** Opening Material provided block **

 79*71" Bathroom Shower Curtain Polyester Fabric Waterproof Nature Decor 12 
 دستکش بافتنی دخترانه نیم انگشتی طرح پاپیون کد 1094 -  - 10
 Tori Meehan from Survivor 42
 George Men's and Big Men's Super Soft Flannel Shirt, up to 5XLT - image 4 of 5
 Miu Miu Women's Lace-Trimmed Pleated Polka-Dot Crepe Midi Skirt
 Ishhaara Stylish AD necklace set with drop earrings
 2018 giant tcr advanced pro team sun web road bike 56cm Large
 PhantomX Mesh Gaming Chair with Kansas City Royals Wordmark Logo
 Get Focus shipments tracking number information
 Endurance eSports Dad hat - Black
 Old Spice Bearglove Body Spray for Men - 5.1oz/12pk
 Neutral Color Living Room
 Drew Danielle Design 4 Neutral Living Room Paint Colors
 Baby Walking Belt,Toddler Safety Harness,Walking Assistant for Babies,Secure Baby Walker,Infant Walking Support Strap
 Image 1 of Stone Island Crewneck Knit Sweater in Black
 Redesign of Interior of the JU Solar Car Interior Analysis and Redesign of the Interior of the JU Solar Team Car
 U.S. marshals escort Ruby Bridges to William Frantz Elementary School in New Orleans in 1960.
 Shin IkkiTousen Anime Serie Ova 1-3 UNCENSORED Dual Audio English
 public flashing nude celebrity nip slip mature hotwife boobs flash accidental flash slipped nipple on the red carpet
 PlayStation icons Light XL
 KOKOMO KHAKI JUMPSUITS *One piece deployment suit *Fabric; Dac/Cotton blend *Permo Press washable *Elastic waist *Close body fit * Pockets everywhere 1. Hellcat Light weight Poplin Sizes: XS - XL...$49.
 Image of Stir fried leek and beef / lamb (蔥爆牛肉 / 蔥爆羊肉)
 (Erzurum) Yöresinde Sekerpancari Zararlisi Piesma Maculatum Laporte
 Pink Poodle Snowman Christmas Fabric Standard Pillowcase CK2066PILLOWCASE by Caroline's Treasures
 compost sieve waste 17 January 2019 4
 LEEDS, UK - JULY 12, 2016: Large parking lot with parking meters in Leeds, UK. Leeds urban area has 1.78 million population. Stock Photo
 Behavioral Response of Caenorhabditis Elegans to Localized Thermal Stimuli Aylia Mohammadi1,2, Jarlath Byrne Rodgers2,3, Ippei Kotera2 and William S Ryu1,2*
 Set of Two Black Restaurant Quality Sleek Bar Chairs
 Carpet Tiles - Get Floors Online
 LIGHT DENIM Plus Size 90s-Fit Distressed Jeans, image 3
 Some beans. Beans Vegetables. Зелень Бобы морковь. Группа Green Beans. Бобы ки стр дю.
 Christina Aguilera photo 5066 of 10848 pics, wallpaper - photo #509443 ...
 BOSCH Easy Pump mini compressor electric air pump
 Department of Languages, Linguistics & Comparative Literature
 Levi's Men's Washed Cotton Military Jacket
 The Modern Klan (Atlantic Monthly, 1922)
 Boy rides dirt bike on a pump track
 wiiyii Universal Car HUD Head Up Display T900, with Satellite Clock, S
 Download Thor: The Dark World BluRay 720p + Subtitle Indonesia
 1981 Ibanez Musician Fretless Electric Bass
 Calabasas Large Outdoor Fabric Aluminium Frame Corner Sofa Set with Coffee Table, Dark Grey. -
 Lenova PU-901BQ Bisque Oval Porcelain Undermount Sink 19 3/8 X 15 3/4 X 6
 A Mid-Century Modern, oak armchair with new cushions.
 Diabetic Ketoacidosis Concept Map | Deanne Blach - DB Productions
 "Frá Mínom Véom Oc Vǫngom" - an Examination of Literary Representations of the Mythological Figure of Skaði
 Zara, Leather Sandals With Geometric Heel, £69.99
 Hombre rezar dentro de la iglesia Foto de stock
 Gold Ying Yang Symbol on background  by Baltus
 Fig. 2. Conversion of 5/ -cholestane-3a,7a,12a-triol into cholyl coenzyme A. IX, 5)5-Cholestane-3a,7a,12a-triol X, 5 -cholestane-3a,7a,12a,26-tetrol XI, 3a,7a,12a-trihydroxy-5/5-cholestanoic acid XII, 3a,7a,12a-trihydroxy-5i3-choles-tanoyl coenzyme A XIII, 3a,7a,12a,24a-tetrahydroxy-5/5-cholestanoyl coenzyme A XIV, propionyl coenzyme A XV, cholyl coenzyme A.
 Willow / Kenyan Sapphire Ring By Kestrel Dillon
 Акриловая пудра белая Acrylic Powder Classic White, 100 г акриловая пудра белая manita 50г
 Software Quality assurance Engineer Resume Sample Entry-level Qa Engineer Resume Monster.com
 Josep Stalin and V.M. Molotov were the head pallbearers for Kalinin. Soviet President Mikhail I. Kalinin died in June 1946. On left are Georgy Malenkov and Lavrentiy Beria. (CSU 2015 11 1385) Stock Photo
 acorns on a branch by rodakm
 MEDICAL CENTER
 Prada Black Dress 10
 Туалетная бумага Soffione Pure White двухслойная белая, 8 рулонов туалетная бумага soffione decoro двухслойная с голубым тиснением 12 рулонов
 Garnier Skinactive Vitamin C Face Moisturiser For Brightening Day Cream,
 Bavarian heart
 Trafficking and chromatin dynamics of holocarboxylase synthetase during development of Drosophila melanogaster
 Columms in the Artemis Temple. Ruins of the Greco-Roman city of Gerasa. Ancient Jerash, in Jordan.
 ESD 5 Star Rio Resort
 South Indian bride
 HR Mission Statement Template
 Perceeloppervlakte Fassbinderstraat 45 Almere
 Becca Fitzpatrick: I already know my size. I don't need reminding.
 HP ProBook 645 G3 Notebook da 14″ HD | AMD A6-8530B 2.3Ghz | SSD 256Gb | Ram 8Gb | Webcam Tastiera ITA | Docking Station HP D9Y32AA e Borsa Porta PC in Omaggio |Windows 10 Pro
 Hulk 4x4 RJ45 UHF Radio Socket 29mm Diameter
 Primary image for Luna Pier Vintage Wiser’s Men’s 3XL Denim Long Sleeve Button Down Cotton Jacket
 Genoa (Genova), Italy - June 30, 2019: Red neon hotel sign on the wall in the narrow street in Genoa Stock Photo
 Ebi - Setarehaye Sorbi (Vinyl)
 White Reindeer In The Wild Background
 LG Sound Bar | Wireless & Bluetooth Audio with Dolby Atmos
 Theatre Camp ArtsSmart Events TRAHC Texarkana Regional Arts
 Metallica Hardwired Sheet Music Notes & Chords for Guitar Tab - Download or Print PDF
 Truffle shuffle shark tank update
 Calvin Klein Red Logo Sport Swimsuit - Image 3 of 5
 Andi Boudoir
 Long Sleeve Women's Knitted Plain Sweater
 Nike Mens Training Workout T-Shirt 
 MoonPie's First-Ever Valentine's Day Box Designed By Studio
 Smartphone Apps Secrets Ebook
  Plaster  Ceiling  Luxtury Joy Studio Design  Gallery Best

** Closing Material provided block **

> [Your objective]: Return only the part of the records above that opens with the line containing "Bavarian heart" and closes with the line containing "LG Sound Bar", ends included.

> [Response area]:
 Bavarian heart
 Trafficking and chromatin dynamics of holocarboxylase synthetase during development of Drosophila melanogaster
 Columms in the Artemis Temple. Ruins of the Greco-Roman city of Gerasa. Ancient Jerash, in Jordan.
 ESD 5 Star Rio Resort
 South Indian bride
 HR Mission Statement Template
 Perceeloppervlakte Fassbinderstraat 45 Almere
 Becca Fitzpatrick: I already know my size. I don't need reminding.
 HP ProBook 645 G3 Notebook da 14″ HD | AMD A6-8530B 2.3Ghz | SSD 256Gb | Ram 8Gb | Webcam Tastiera ITA | Docking Station HP D9Y32AA e Borsa Porta PC in Omaggio |Windows 10 Pro
 Hulk 4x4 RJ45 UHF Radio Socket 29mm Diameter
 Primary image for Luna Pier Vintage Wiser’s Men’s 3XL Denim Long Sleeve Button Down Cotton Jacket
 Genoa (Genova), Italy - June 30, 2019: Red neon hotel sign on the wall in the narrow street in Genoa Stock Photo
 Ebi - Setarehaye Sorbi (Vinyl)
 White Reindeer In The Wild Background
 LG Sound Bar | Wireless & Bluetooth Audio with Dolby Atmos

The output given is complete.